[Records from a dataset]
━━━━━━━━━━━━━━━━
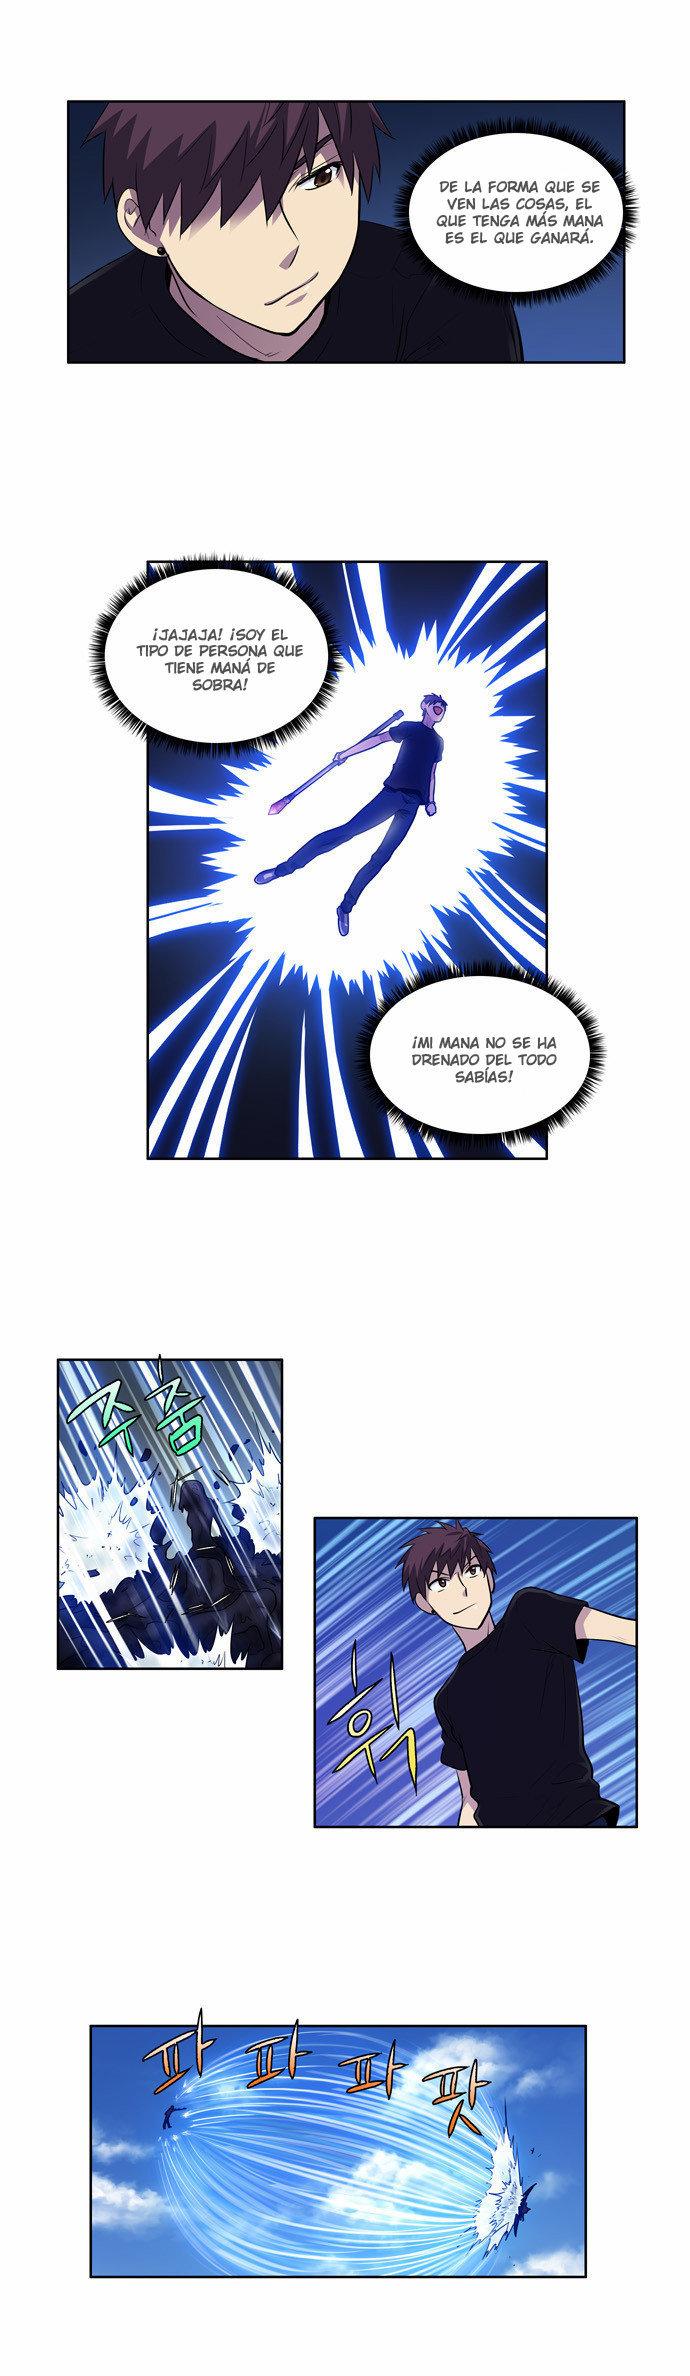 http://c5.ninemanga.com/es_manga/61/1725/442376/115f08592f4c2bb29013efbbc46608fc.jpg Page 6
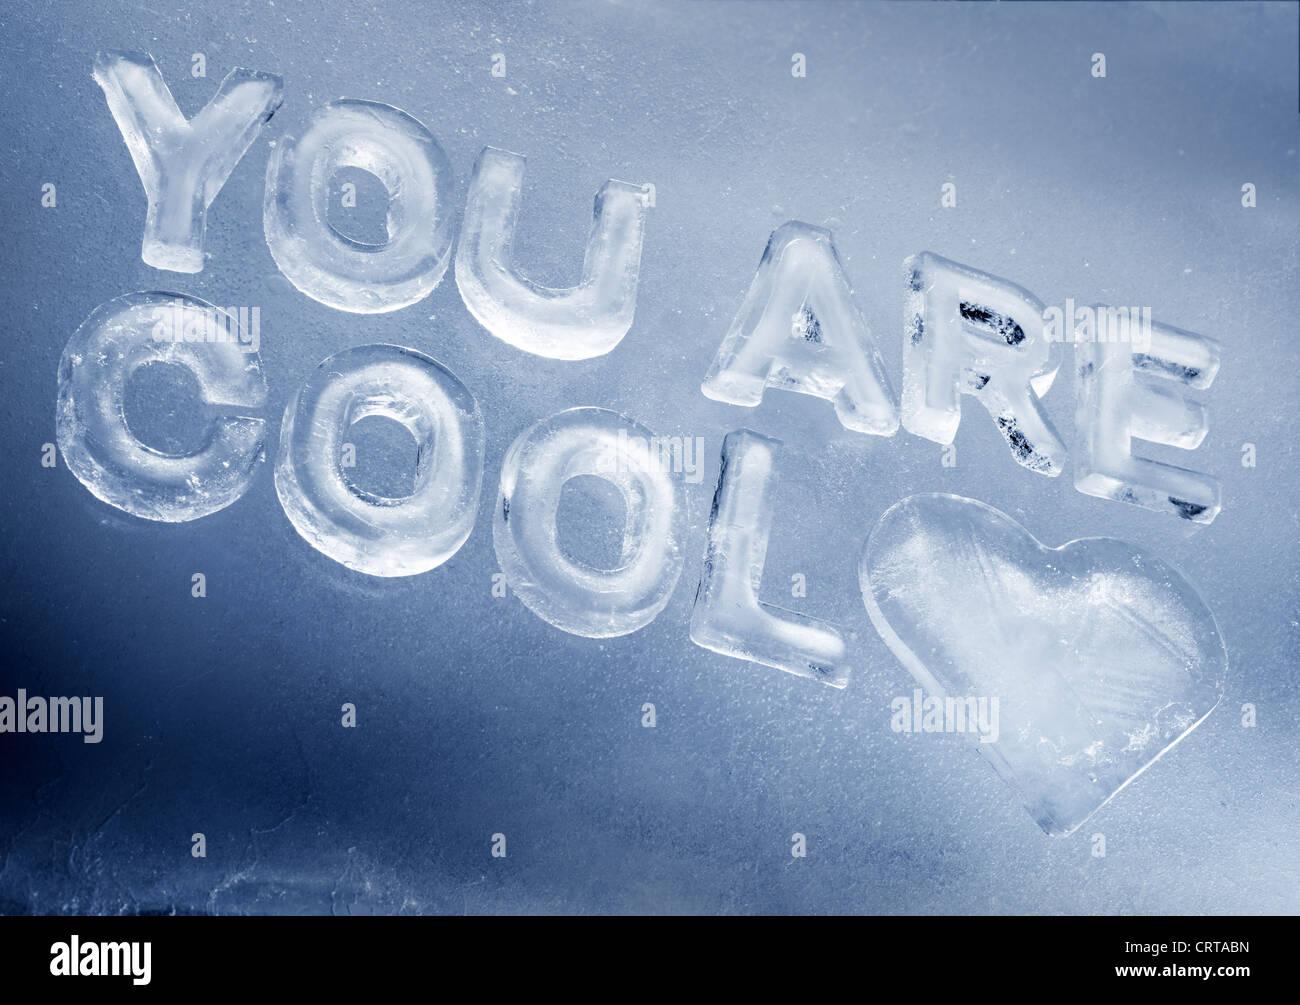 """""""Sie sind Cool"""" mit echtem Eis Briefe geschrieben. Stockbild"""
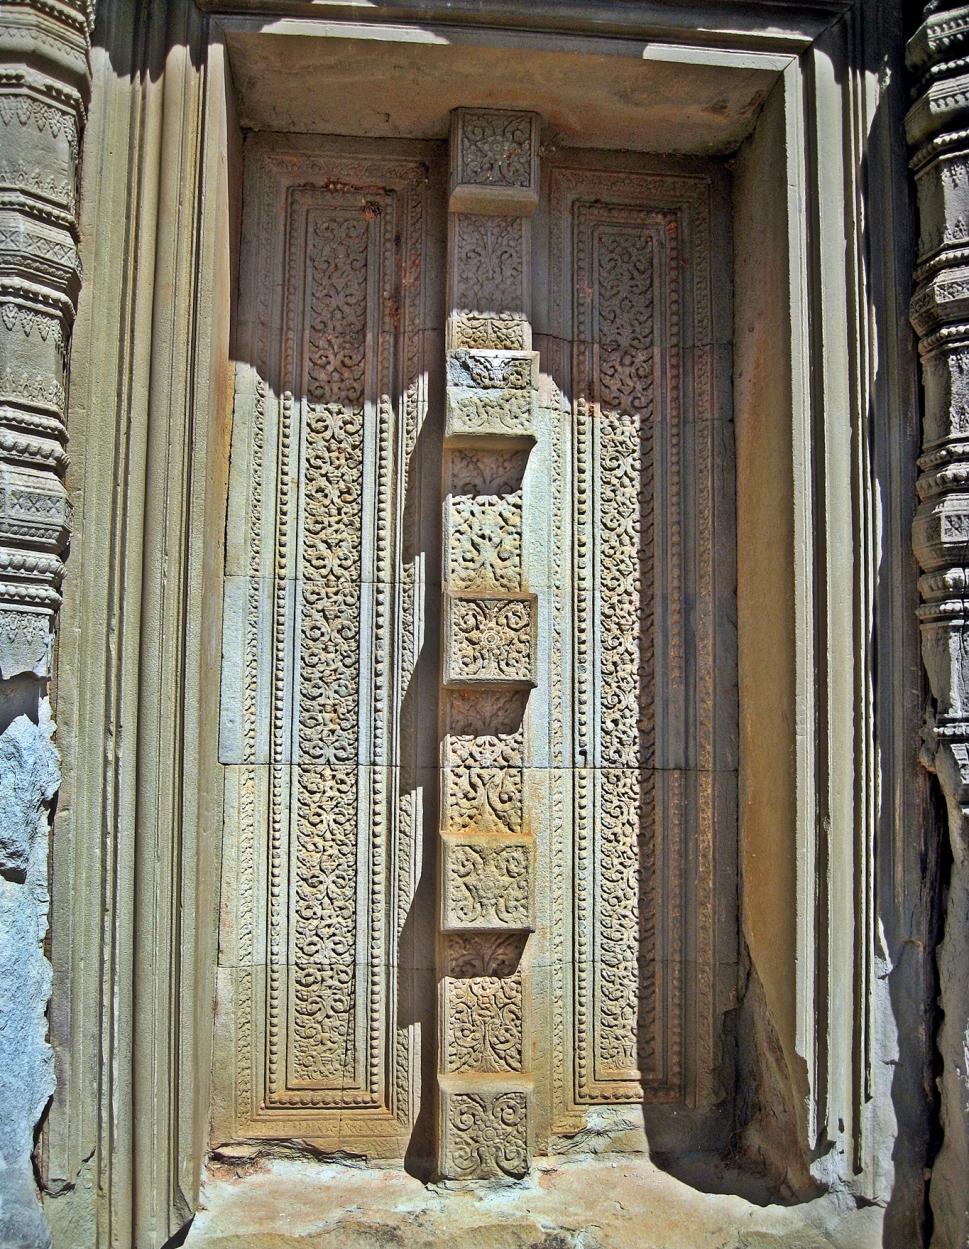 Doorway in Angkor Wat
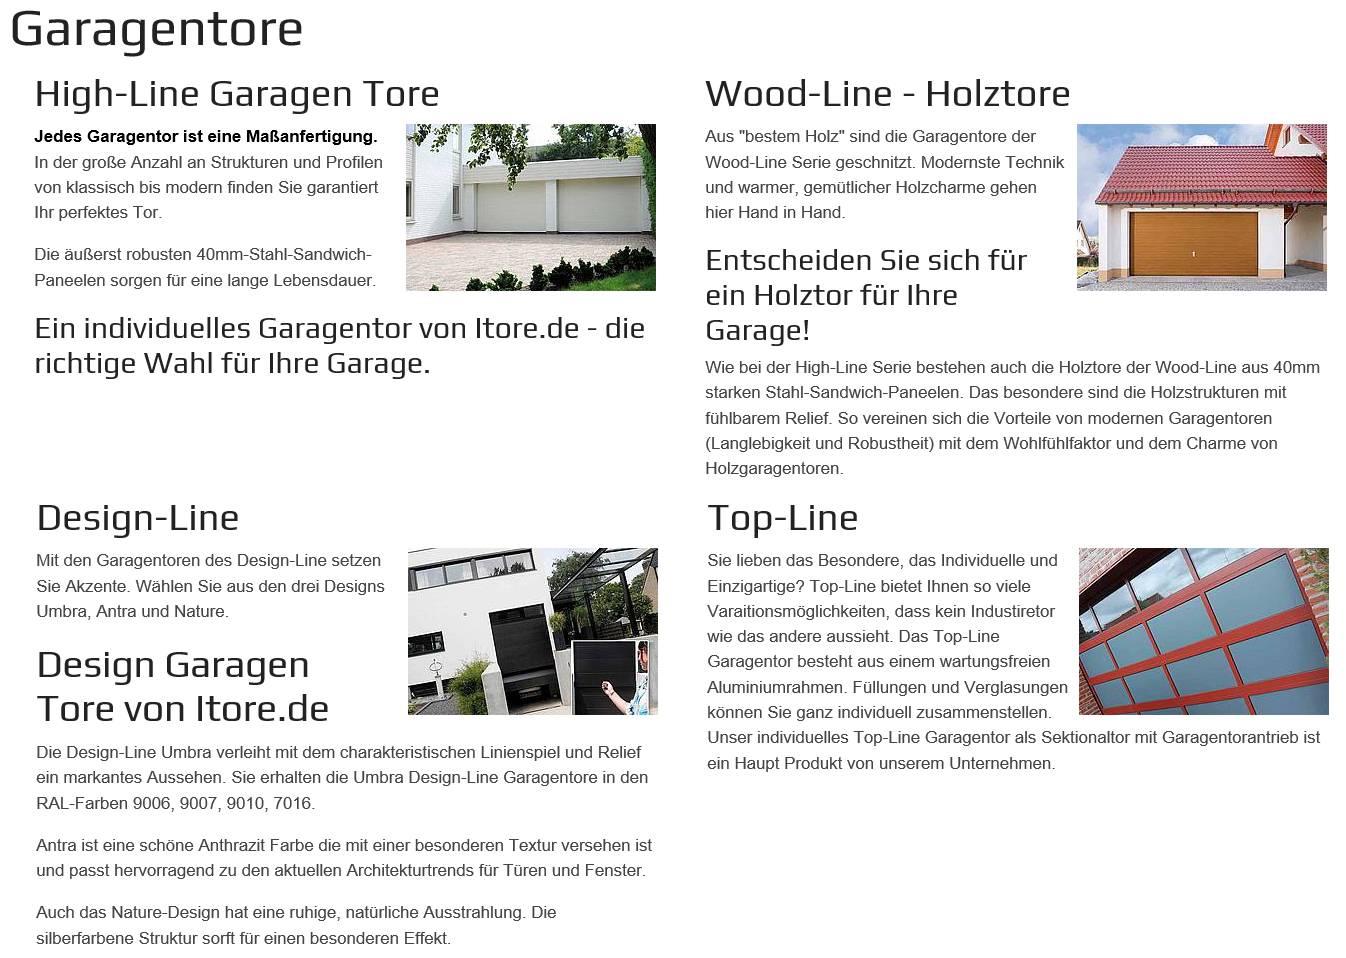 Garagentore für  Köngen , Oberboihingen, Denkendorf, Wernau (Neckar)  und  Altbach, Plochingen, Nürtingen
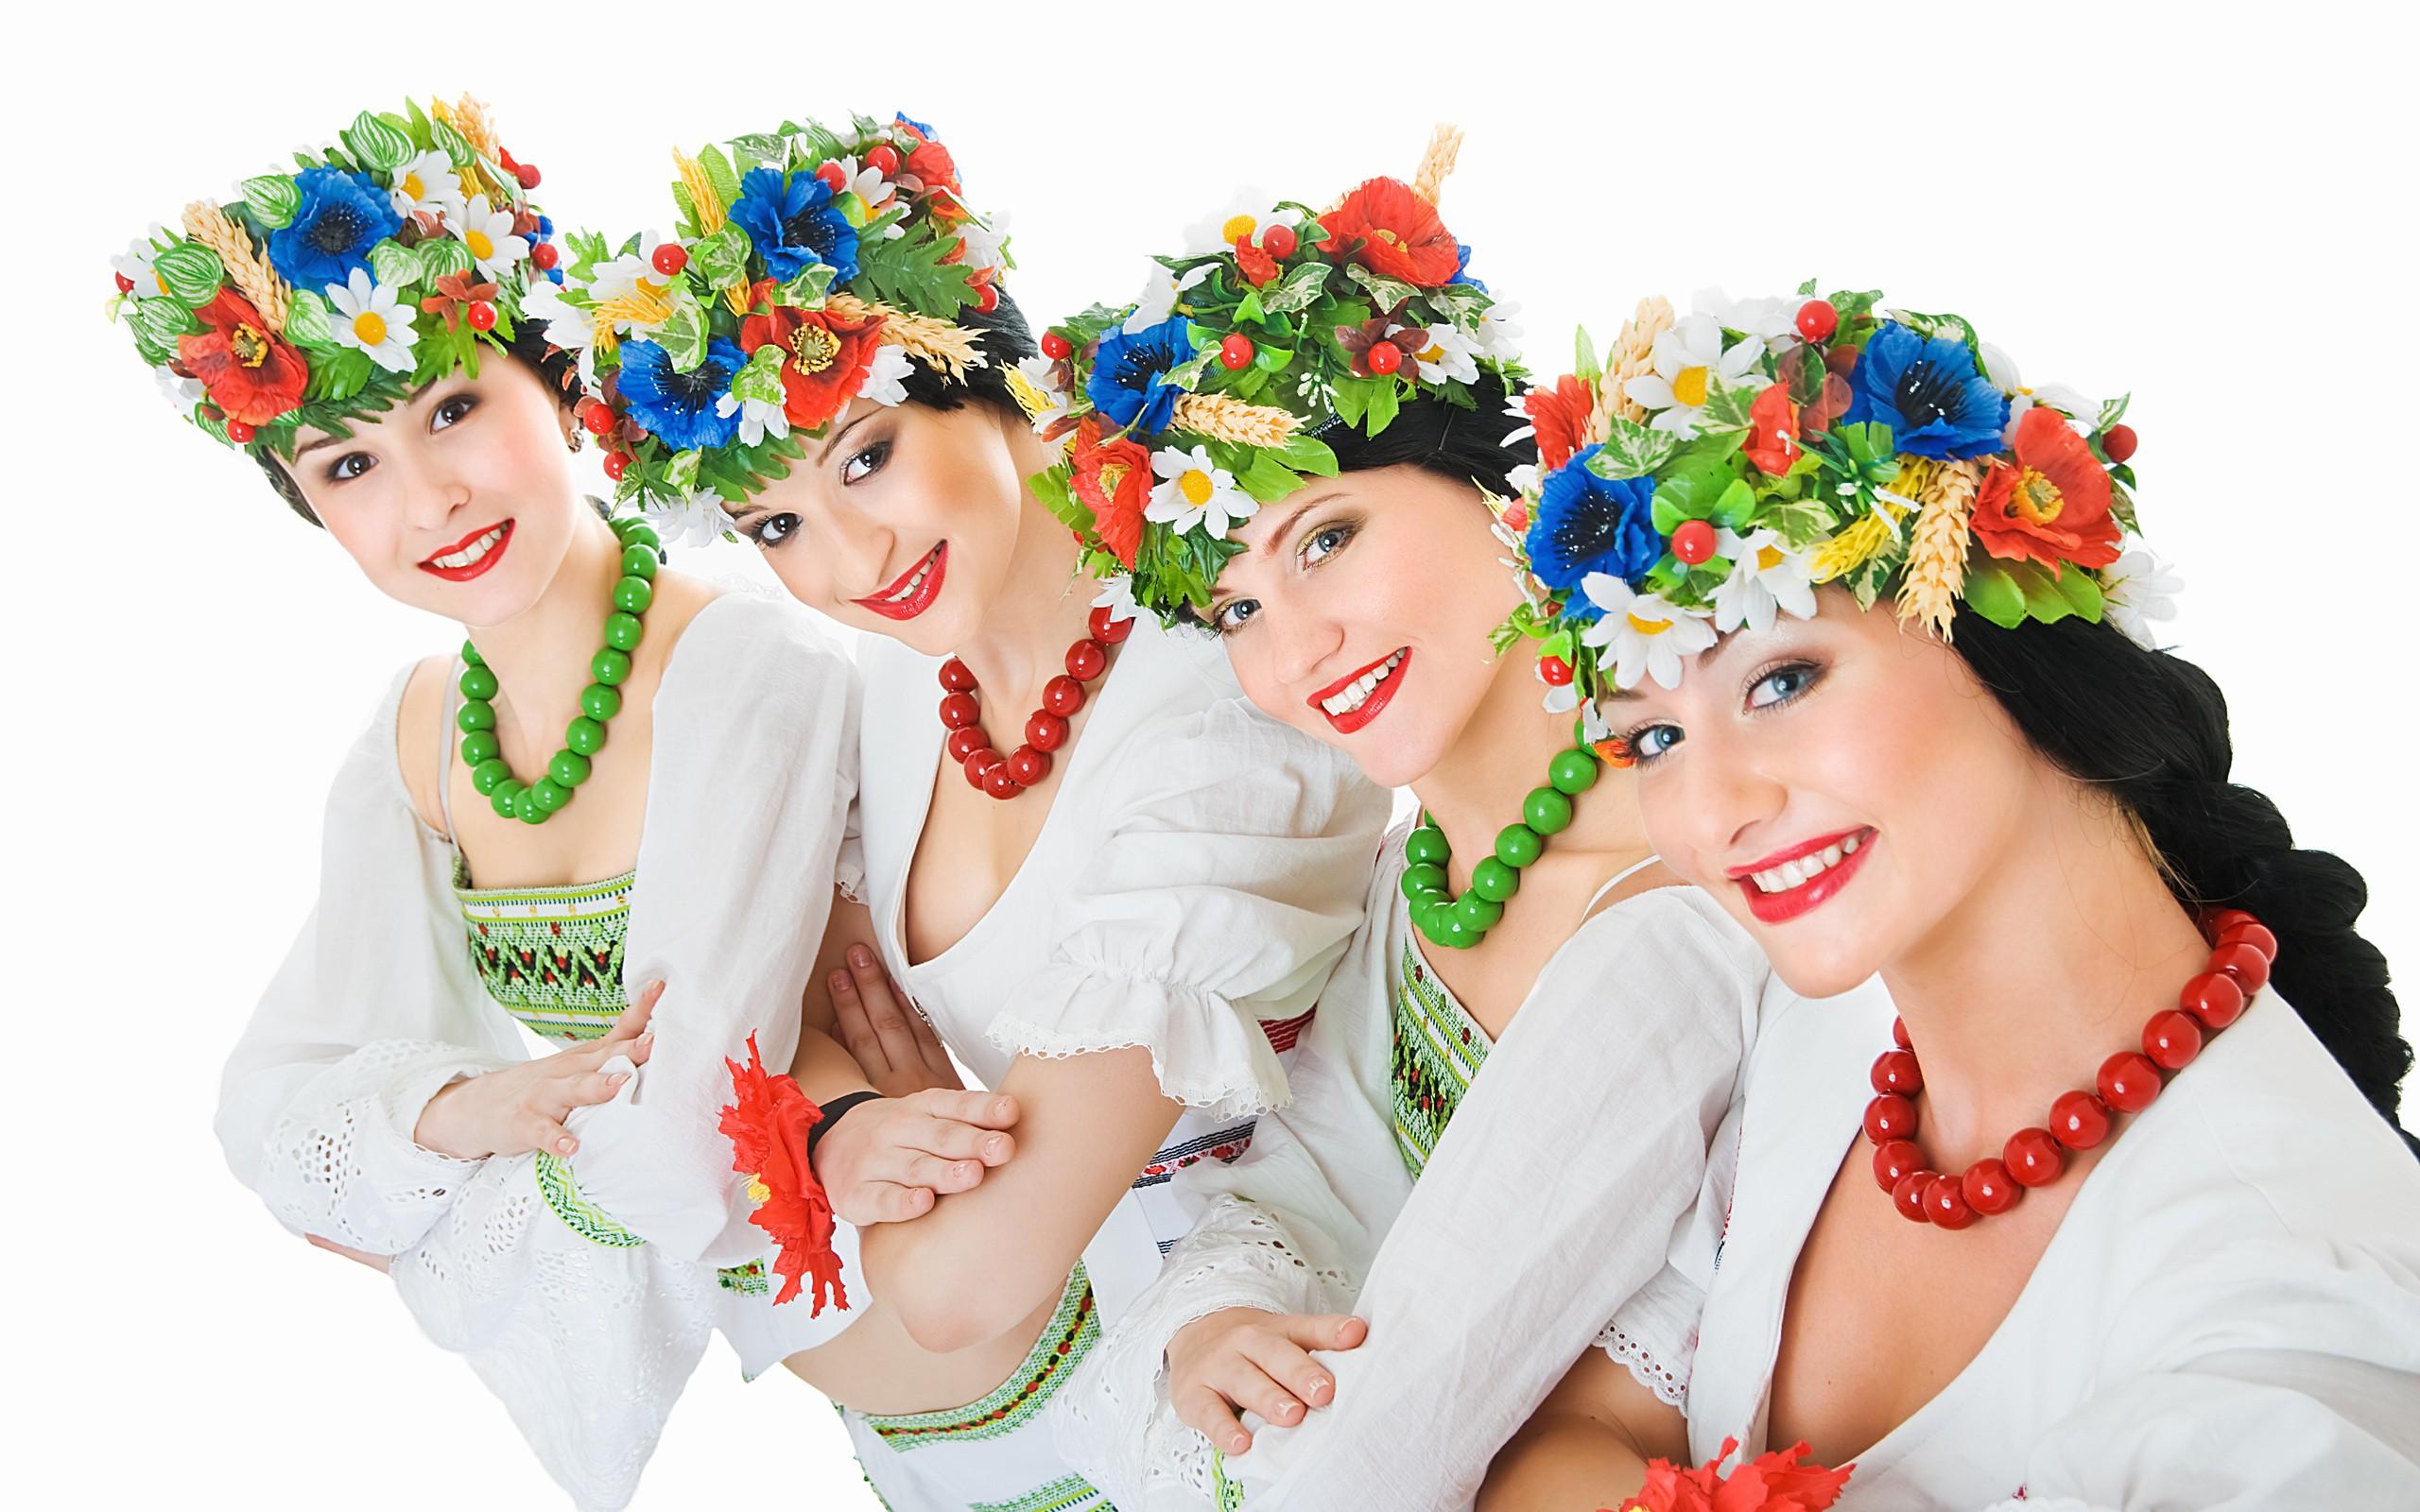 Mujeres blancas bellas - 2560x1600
━━━━━━━━━━━━━━━━
What you should do – Output a verbatim copy of the lines from the line containing "Doorway in Angkor Wat" through the end of the data, both included, without any images.

Finished task –
 Doorway in Angkor Wat
 Garagentore für  Köngen , Oberboihingen, Denkendorf, Wernau (Neckar)  und  Altbach, Plochingen, Nürtingen
 Mujeres blancas bellas - 2560x1600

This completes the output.